> **Records to use**:
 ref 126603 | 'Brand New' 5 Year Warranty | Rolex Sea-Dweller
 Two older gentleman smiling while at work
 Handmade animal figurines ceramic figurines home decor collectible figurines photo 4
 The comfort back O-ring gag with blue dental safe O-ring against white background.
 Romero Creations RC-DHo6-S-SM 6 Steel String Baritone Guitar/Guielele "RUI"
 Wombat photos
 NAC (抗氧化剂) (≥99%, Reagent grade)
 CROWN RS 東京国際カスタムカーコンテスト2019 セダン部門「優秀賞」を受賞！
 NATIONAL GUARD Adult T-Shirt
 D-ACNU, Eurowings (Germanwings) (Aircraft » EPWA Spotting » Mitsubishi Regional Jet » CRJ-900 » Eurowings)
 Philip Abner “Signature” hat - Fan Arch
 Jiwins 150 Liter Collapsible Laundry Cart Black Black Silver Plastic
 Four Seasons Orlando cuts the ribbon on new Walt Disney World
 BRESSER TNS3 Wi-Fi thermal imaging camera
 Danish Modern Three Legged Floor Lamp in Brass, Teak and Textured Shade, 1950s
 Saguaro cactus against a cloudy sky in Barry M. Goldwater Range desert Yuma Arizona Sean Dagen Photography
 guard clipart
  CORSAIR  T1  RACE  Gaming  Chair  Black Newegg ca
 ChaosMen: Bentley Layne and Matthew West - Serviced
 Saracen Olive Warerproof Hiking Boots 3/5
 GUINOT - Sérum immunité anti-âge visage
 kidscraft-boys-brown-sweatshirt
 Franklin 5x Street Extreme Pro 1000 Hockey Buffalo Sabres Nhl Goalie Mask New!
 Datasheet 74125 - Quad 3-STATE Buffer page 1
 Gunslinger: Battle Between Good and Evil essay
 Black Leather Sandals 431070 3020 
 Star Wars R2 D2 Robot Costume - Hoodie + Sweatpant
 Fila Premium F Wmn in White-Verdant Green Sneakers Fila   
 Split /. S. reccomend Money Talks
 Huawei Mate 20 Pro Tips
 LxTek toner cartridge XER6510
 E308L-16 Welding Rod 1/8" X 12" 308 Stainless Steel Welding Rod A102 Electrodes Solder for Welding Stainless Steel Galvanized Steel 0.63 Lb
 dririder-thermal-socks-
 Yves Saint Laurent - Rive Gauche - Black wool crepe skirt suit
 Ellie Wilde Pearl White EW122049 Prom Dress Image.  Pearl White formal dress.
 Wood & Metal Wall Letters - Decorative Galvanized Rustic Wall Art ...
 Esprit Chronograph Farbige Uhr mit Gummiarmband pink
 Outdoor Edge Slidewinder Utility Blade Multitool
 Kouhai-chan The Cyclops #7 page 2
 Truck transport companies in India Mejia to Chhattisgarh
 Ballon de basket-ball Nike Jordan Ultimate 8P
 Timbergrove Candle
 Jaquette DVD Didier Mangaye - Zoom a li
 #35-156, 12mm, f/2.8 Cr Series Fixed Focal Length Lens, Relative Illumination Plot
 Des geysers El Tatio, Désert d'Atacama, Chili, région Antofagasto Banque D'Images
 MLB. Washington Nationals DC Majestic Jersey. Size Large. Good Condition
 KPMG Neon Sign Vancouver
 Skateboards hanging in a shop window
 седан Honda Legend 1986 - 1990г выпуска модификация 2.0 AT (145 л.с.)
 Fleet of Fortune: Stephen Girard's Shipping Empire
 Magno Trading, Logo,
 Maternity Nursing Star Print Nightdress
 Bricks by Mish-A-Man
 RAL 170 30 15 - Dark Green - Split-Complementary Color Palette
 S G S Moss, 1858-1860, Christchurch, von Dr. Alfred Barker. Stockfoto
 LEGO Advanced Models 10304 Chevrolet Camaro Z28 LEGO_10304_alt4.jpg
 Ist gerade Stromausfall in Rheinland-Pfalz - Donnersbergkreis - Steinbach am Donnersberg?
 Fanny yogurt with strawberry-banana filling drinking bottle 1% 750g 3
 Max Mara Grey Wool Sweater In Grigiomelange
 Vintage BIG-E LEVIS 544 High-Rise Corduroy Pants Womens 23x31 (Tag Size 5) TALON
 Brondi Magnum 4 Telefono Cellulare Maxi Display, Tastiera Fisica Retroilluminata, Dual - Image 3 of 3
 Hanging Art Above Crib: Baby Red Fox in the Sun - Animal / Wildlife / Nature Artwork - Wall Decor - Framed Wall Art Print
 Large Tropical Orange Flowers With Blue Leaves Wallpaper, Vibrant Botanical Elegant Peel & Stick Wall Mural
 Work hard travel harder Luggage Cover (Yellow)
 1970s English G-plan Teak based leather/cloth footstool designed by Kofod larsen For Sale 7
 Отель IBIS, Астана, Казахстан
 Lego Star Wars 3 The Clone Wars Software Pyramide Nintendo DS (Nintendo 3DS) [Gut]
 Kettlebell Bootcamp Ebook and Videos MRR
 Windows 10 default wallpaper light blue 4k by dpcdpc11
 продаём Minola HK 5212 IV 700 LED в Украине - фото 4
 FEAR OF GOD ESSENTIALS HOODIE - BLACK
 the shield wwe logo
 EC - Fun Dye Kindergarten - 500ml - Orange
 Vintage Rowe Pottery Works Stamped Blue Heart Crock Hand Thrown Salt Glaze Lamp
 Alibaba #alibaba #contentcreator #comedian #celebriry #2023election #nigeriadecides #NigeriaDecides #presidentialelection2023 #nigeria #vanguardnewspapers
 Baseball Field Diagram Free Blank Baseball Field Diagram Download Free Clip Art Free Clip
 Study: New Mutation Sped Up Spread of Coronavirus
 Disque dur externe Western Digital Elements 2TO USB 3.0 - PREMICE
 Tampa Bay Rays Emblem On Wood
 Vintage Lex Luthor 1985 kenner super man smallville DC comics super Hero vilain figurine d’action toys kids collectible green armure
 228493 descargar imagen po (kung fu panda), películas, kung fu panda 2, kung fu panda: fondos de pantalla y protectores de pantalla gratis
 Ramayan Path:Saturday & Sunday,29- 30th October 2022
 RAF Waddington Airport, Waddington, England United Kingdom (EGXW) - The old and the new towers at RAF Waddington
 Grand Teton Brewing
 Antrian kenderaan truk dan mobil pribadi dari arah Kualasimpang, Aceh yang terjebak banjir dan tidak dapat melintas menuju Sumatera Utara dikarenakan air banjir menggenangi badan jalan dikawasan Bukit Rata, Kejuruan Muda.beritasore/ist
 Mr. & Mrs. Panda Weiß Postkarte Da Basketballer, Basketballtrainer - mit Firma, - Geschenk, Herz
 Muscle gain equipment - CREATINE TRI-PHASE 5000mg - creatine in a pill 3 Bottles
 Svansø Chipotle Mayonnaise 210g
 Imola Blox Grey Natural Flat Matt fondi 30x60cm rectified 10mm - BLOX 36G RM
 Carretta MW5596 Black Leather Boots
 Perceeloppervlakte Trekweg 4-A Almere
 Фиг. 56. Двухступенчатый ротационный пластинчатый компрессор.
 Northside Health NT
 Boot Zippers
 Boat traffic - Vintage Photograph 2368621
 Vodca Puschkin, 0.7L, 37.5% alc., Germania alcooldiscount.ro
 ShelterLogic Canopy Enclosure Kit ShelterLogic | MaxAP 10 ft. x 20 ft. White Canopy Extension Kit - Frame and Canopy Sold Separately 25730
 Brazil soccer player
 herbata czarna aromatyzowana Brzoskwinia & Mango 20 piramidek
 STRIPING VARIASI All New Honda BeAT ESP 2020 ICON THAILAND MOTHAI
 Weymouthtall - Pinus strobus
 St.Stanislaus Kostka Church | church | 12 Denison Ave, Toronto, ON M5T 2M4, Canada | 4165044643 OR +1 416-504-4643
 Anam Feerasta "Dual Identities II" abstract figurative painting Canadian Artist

> **Task directions**: In the material above, find every line with the word "Boots" and show it.

> **Task response**:
 Saracen Olive Warerproof Hiking Boots 3/5
 Carretta MW5596 Black Leather Boots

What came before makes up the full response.